- **Task description**: Return all of the data exactly as written, without the pictures.

- **Supplied material**:
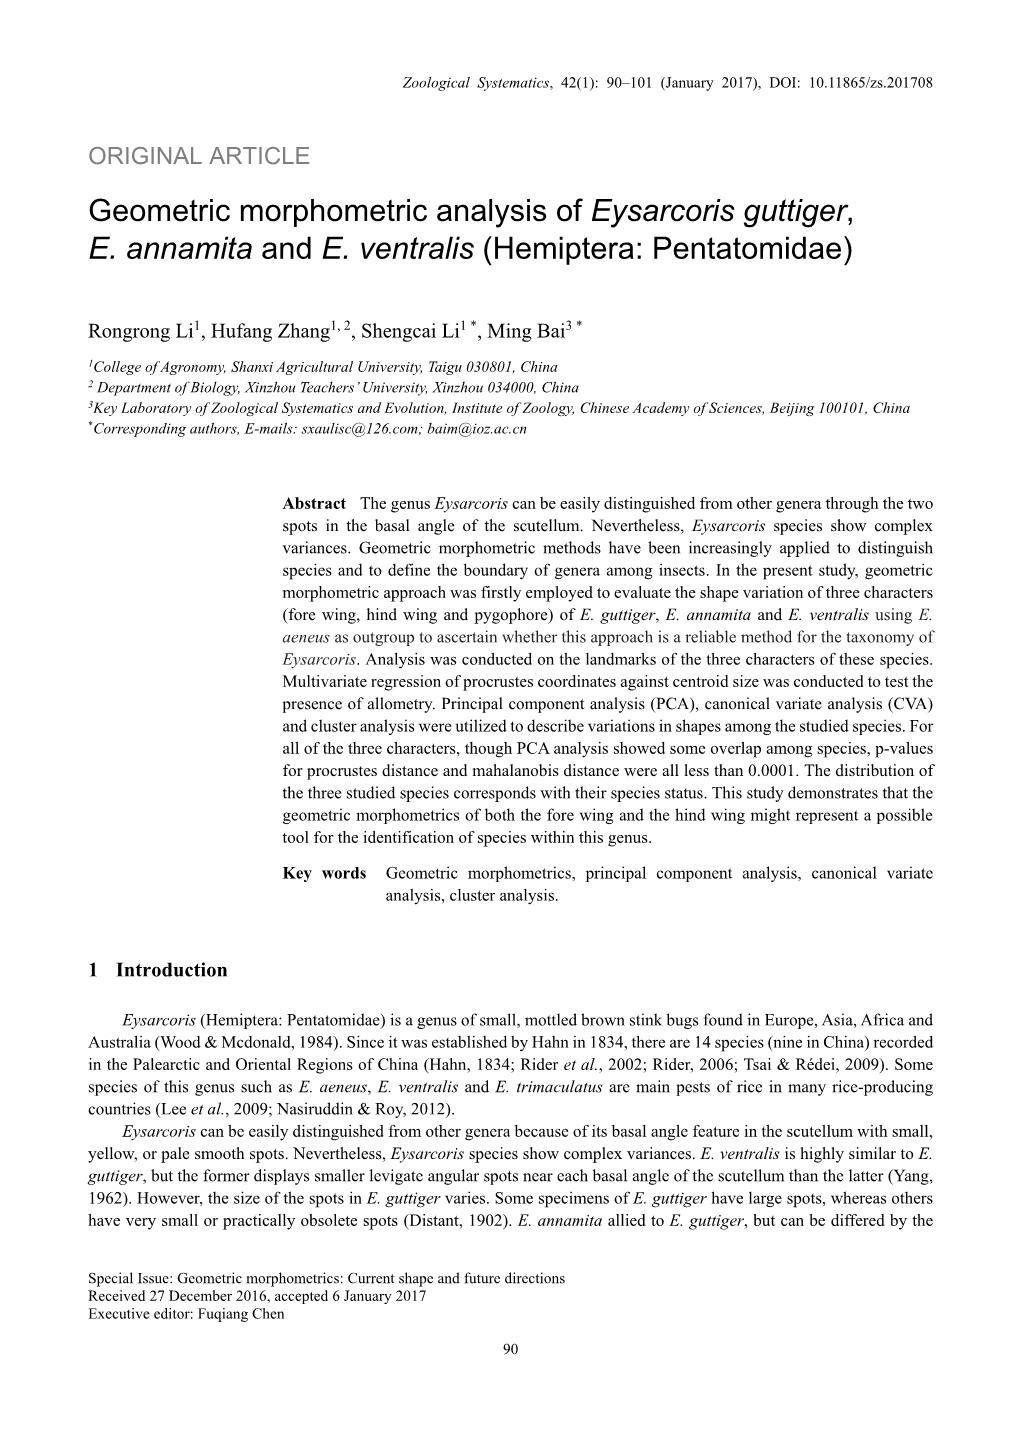 Geometric Morphometric Analysis of Eysarcoris.Pdf
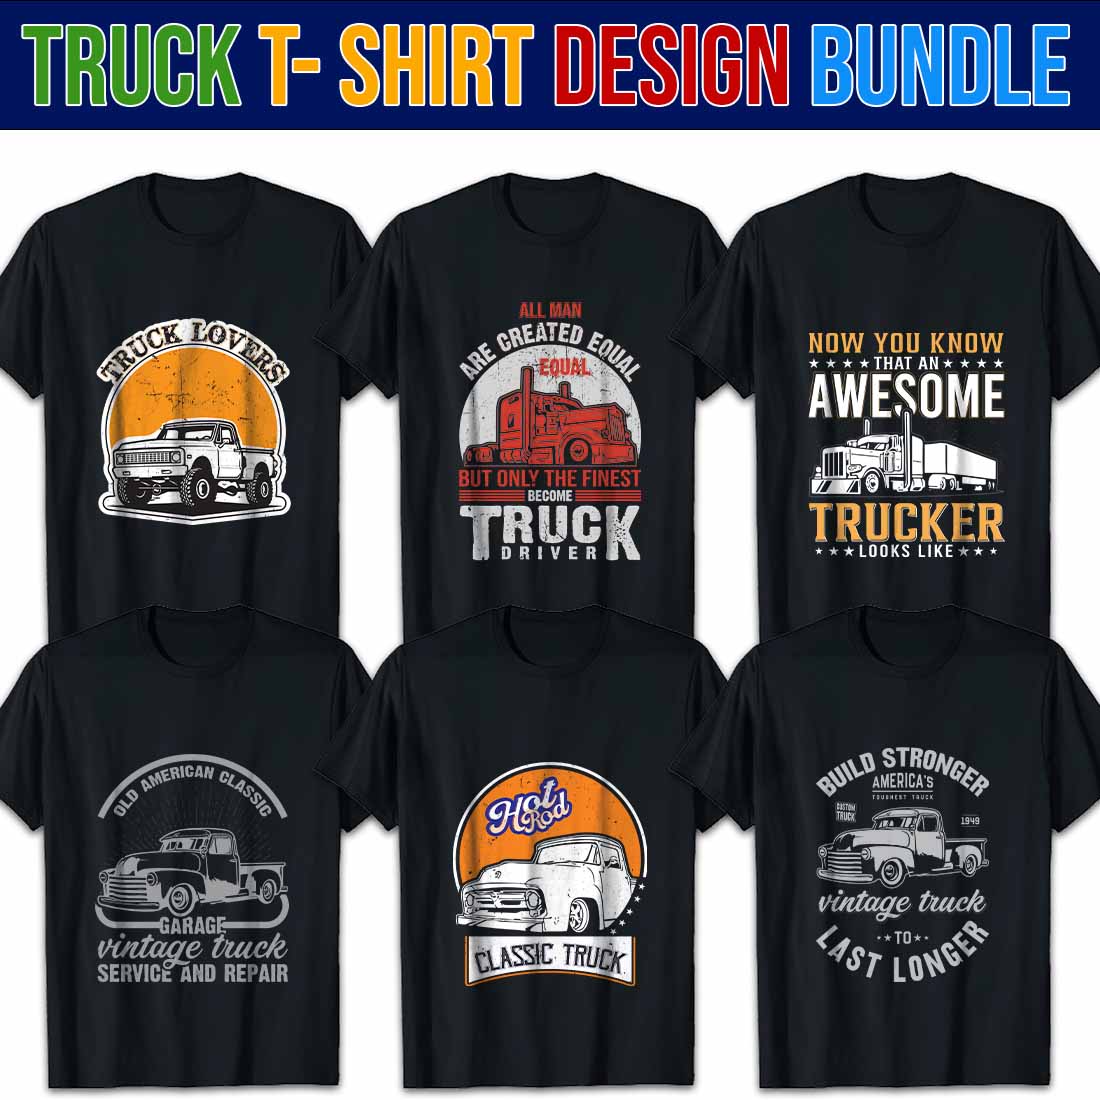 Truck Driver T-Shirt Design Bundle preview image.
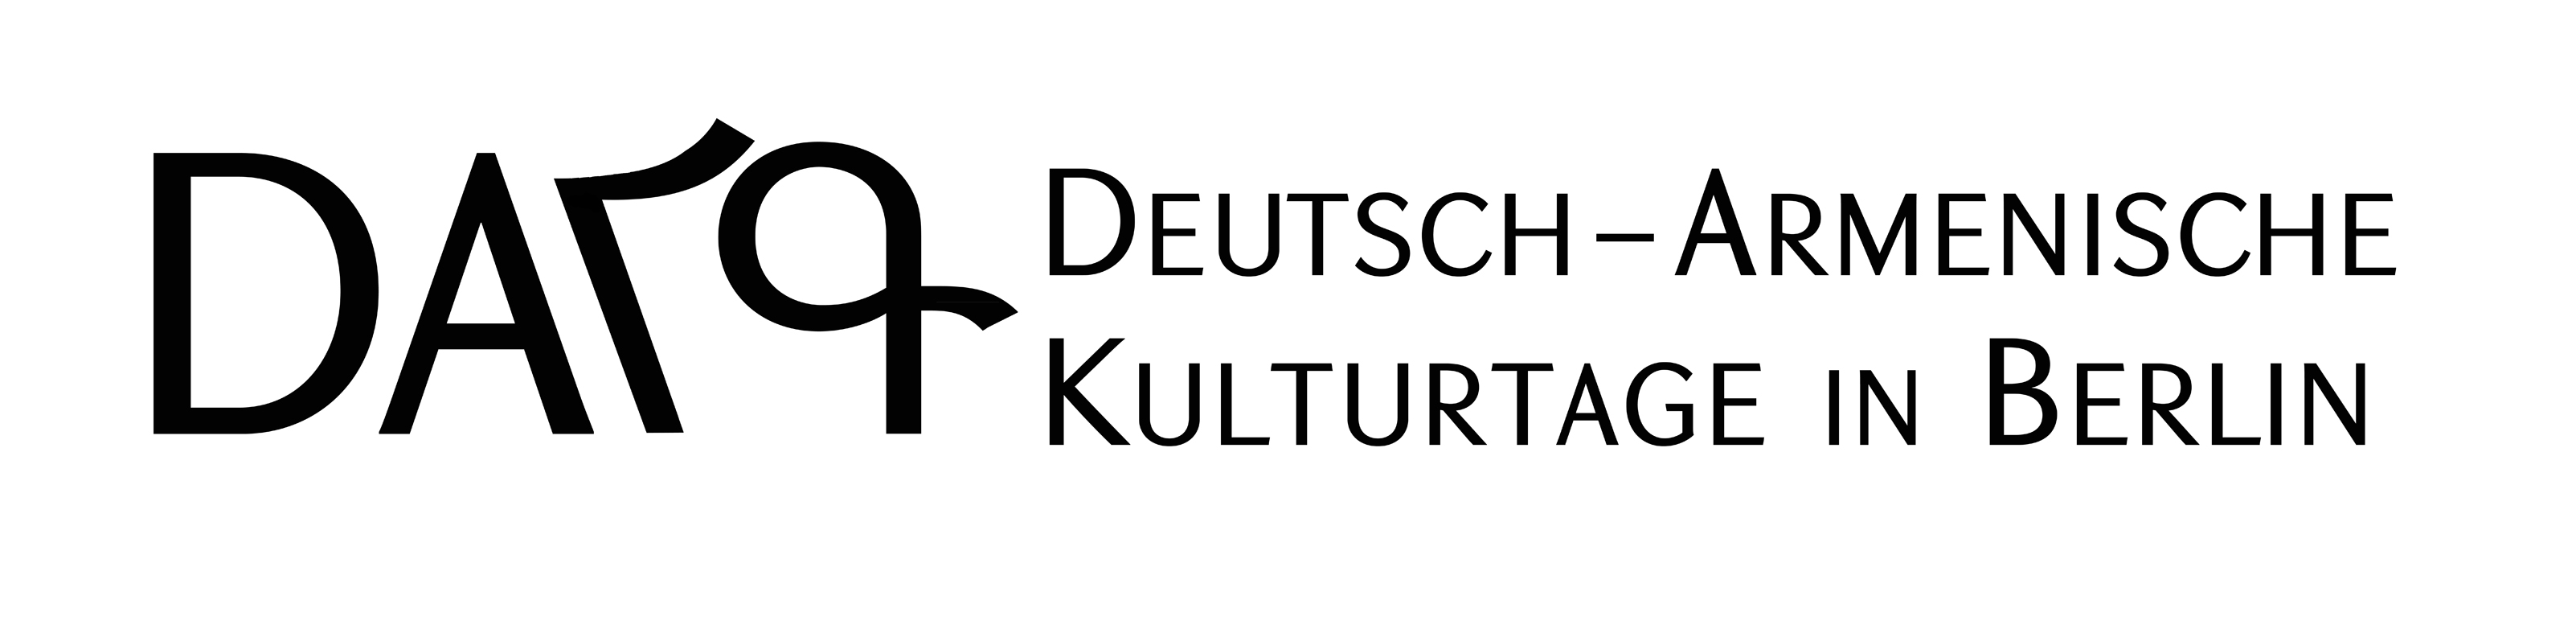 DEUTSCH - ARMENISCHE KULTURTAGE IN BERLIN 2015
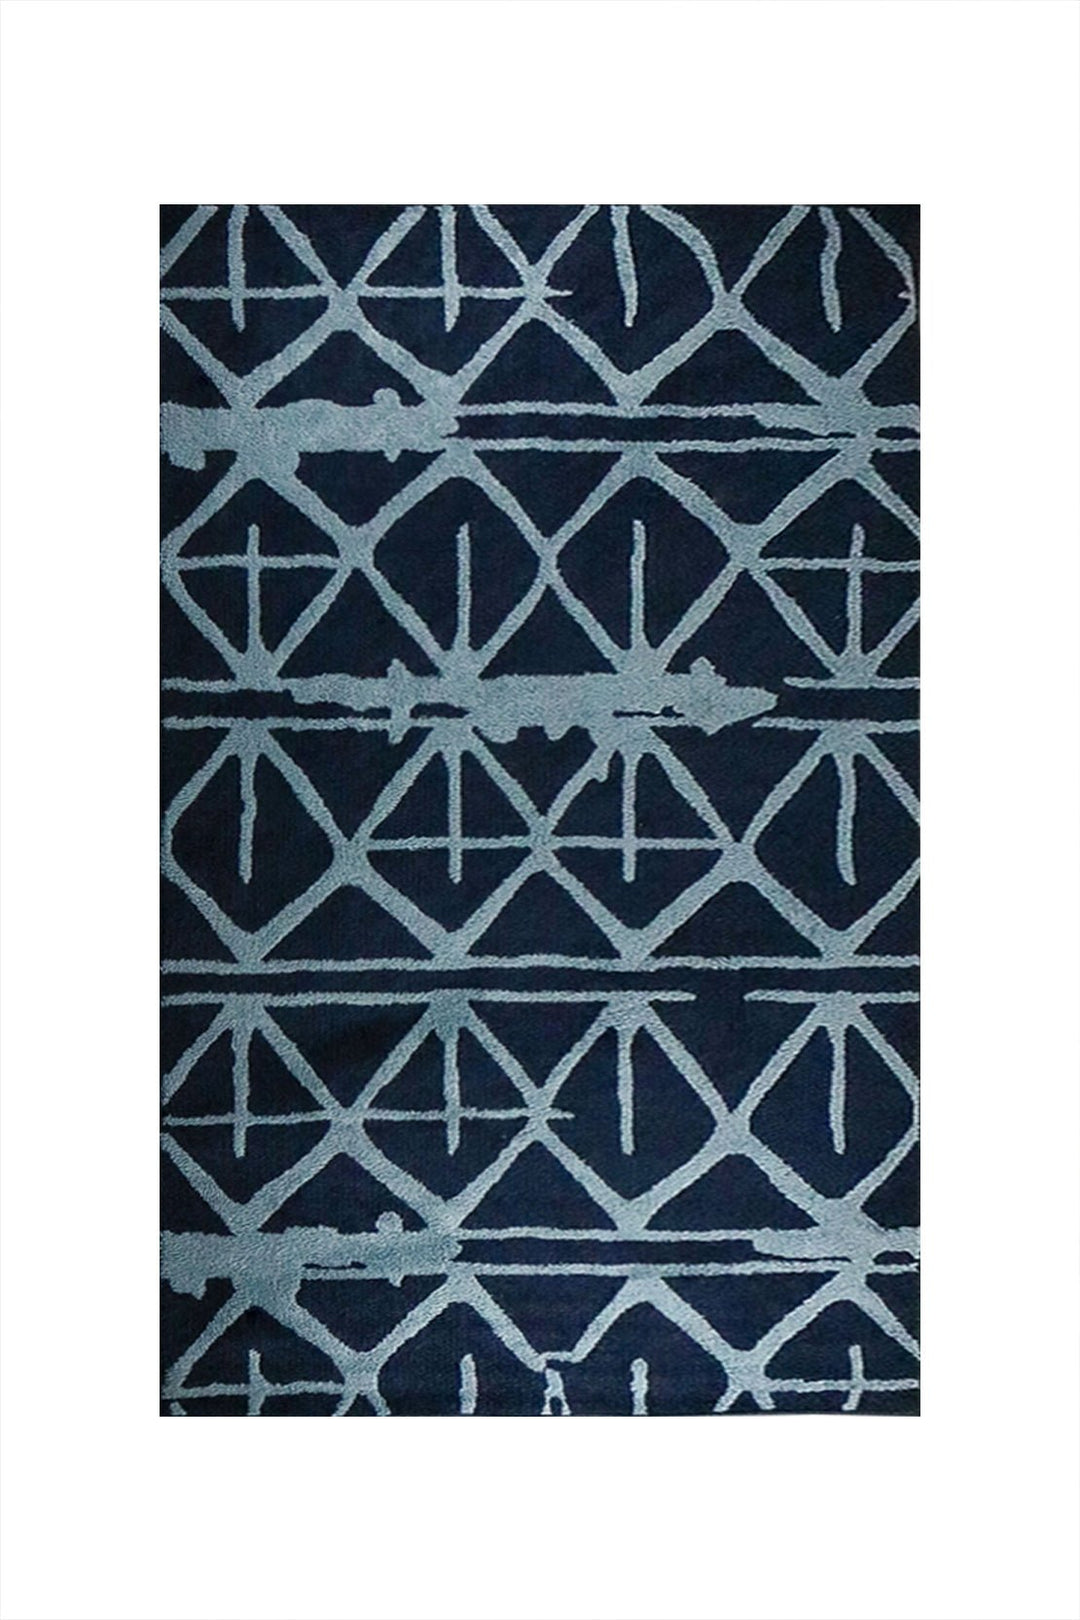 Turkish Plush and Soft Festival WD Shaggy Rug -5.3 x 7.5 FT - Blue - Fluffy Furry Floor Decor Shaggy Rug - V Surfaces

- **Answer to the exercise**:
 Geometric Morphometric Analysis of Eysarcoris.Pdf
 Truck Driver T-Shirt Design Bundle preview image.
 DEUTSCH - ARMENISCHE KULTURTAGE IN BERLIN 2015
 Turkish Plush and Soft Festival WD Shaggy Rug -5.3 x 7.5 FT - Blue - Fluffy Furry Floor Decor Shaggy Rug - V Surfaces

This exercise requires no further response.